Sengheiser blamed Gardner’s office for failing to prosecute the case.
“The Circuit Attorney’s Office is ultimately the party responsible for protecting public safety by charging and then prosecuting those it believes commit crimes,” Sengheiser’s order said. “In a case like this where the Circuit Attorney’s office has essentially abandoned its duty to prosecute those it charges with crimes, the court must impartially enforce the law and any resultant threat to public safety is the responsibility of the Circuit Attorney’s Office.”
On Monday, Gardner’s spokeswoman provided a statement addressing the Campbell case, but not the two others.
“Upon review of our internal policies and procedures regarding Family Medical Leave, we have determined that corrective measures are needed to further prevent any future repeat occurrence of the incident in question,” Gardner’s statement said. “The suggestion, however, that there have been additional instances that have occurred like the one in question have not been substantiated.”
Gardner’s statement continued, “Be assured that as the circuit attorney of the city of St. Louis, I am accountable to the public for the actions of the office and remain committed as ever to upholding the highest possible standards and practices of accountability at all levels of this office, particularly the public safety of the residents of the city of St. Louis. As a result, the individual in this case is (in) custody.
St. Louis police said Monday that Campbell was still at large.

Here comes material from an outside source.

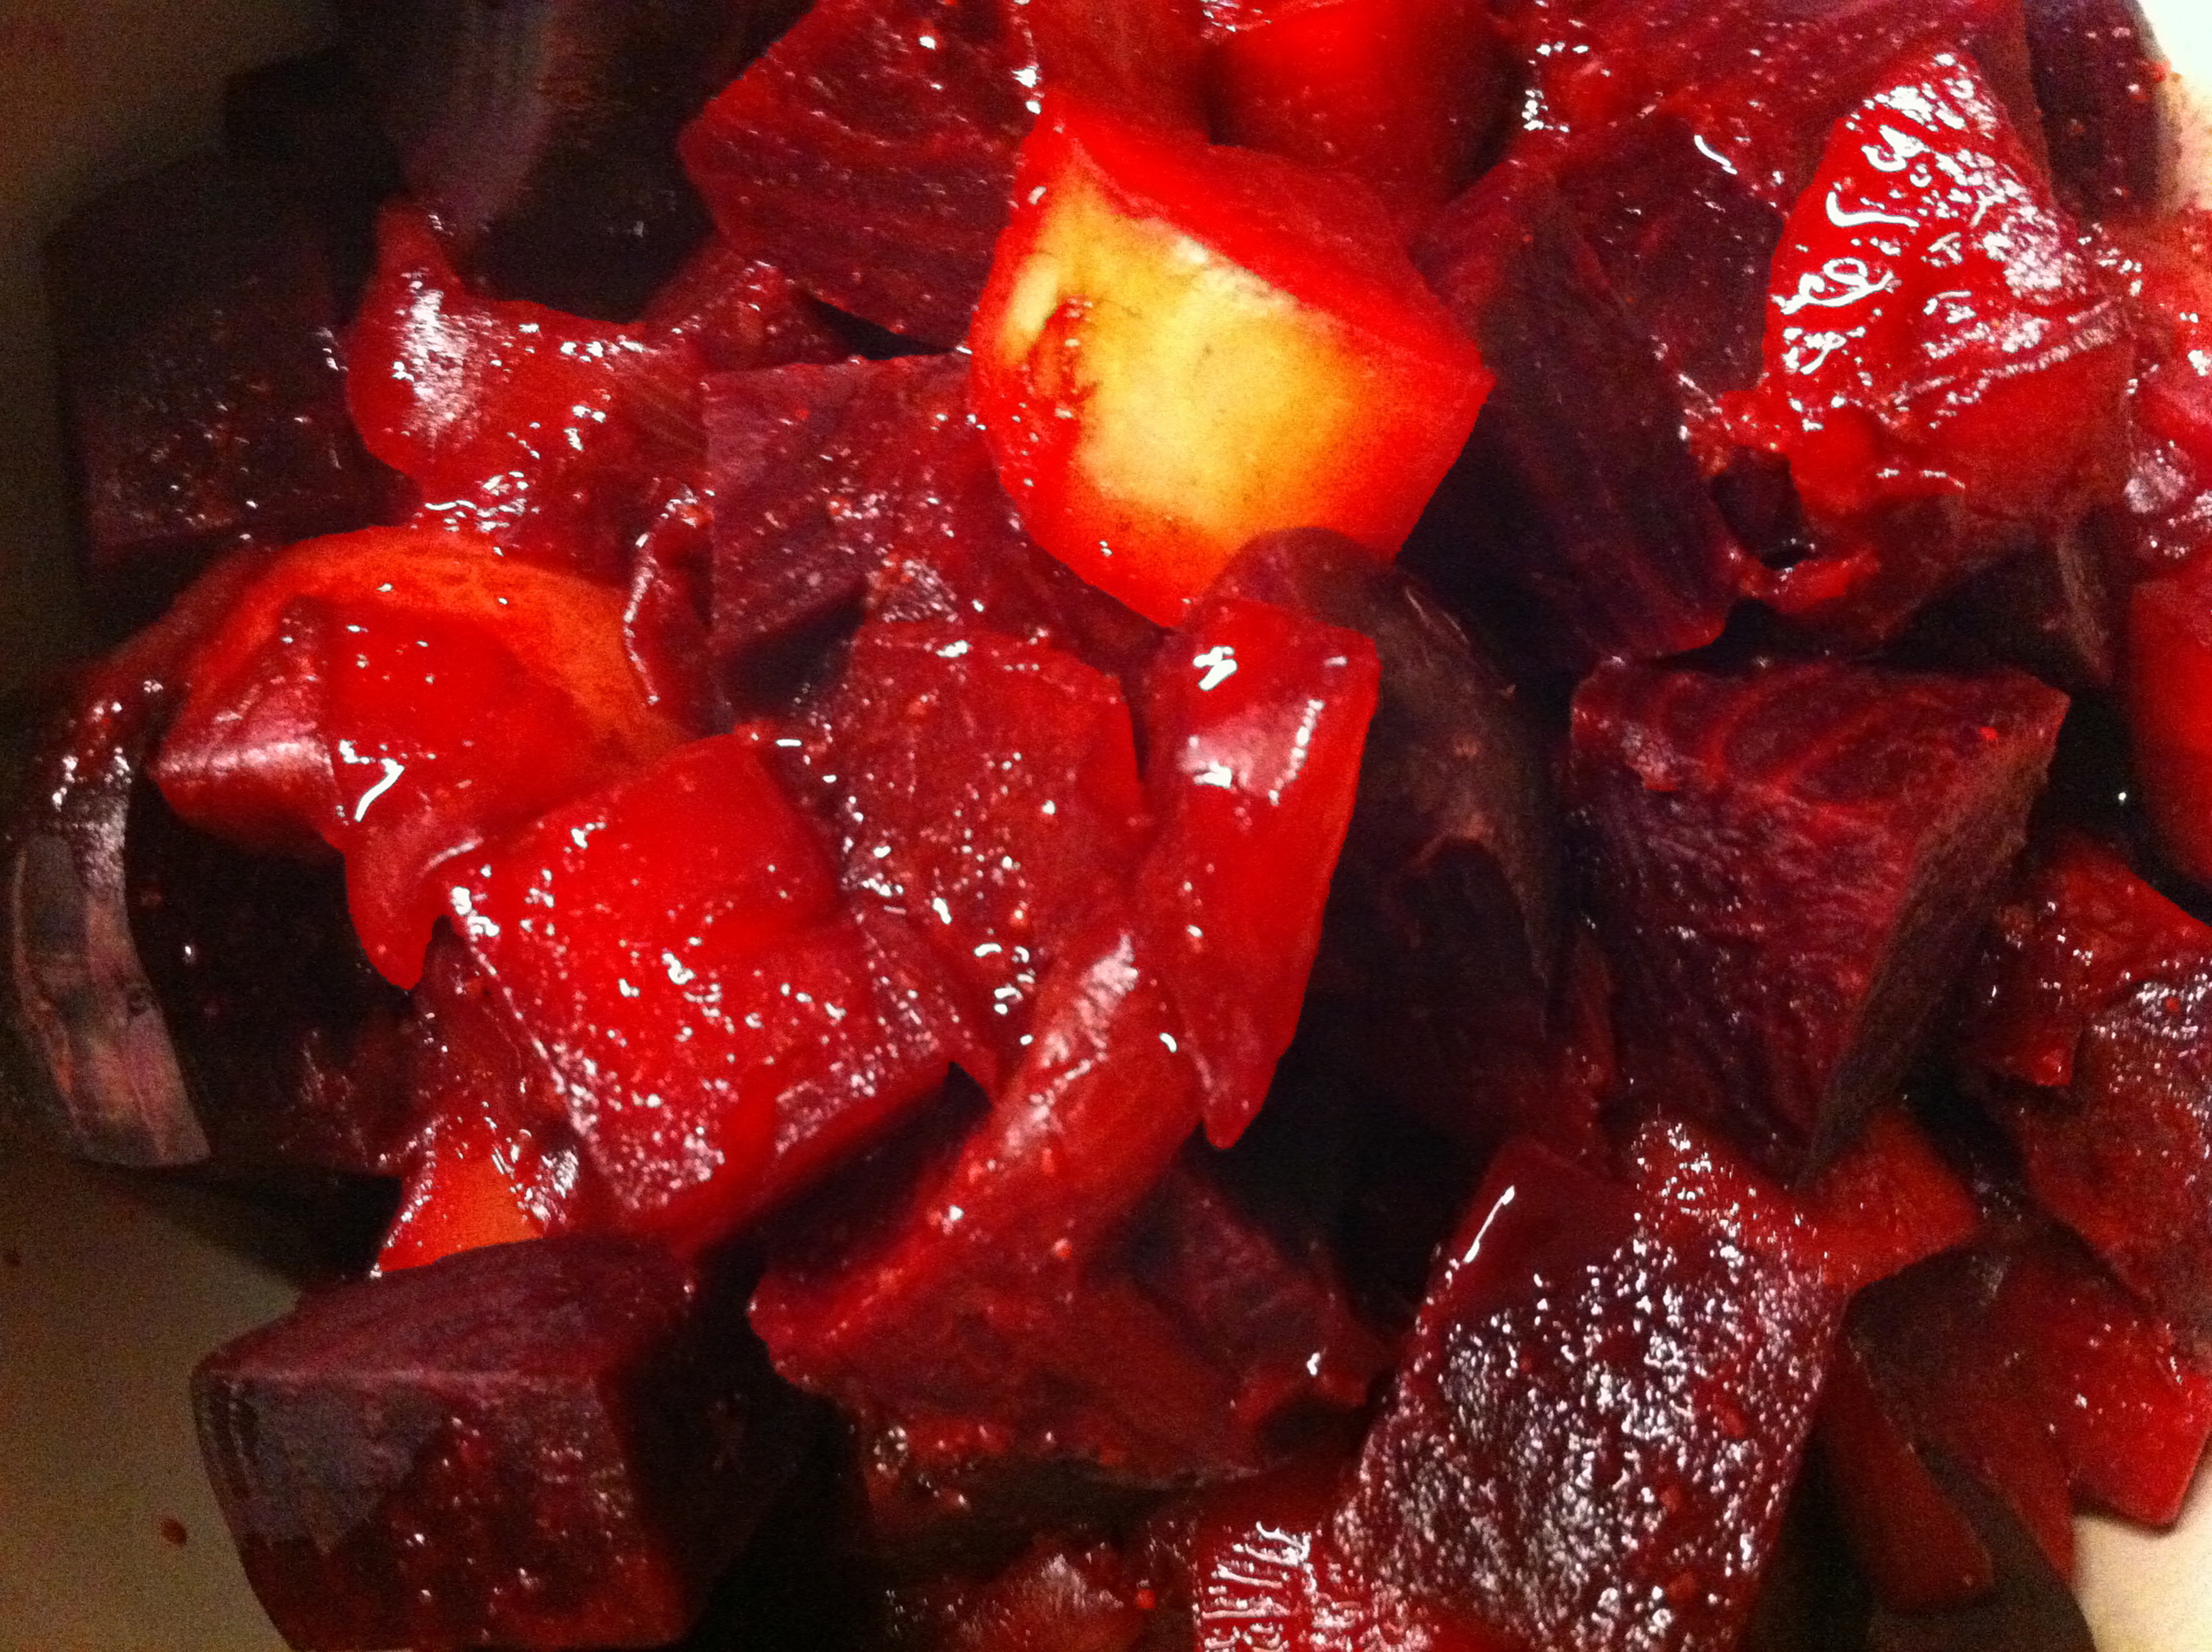 Nishime beets are a healthy addition to any meal.

The case dismissed Monday against Phillips, 19, of Velda City, was set for trial this week. He was charged two years ago with fatally shooting Vincent Sanders, 56, in 2019, during an attempted armed robbery of Sanders’ truck and money. Sanders died at the scene. Police said the red Mitsubishi that Phillips drove to the park to rob Sanders had been taken in an armed carjacking in St. Louis County the previous day.
Assistant Circuit Attorney Srikant Chigurupati, who was assigned to Phillips’ case, asked June 24 to postpone Phillips’ trial, saying “all previous assistant circuit attorneys assigned to this case have left the office and undersigned counsel is a new assistant circuit attorney who began employment with the St. Louis Circuit Attorney’s Office on June 3, 2021.” Chigurupati said he was assigned the case on June 17. Chigurupati declined to comment after Monday’s hearing. In addition, he tried a murder case last week that resulted in an acquittal, which may have limited his ability to prepare for Phillips’ case.
Circuit Judge Michael Stelzer on Friday denied Chigurupati’s request to delay the trial. Stelzer declined to comment. Phillips has been in jail for more than two years and had sought a speedy trial even before the pandemic slowed the courts.
Last week, Gardner’s office dismissed murder charges against Gregory Seddens, 31, whose case also was set for trial this week. Seddens was accused of killing his alleged accomplice Davion Arnold, 25, during a break-in Aug. 13, 2018, at a home in the 4400 block of Penrose Street. Police said the intruders struck a 60-year-old man inside and opened fire when the resident tried to escape.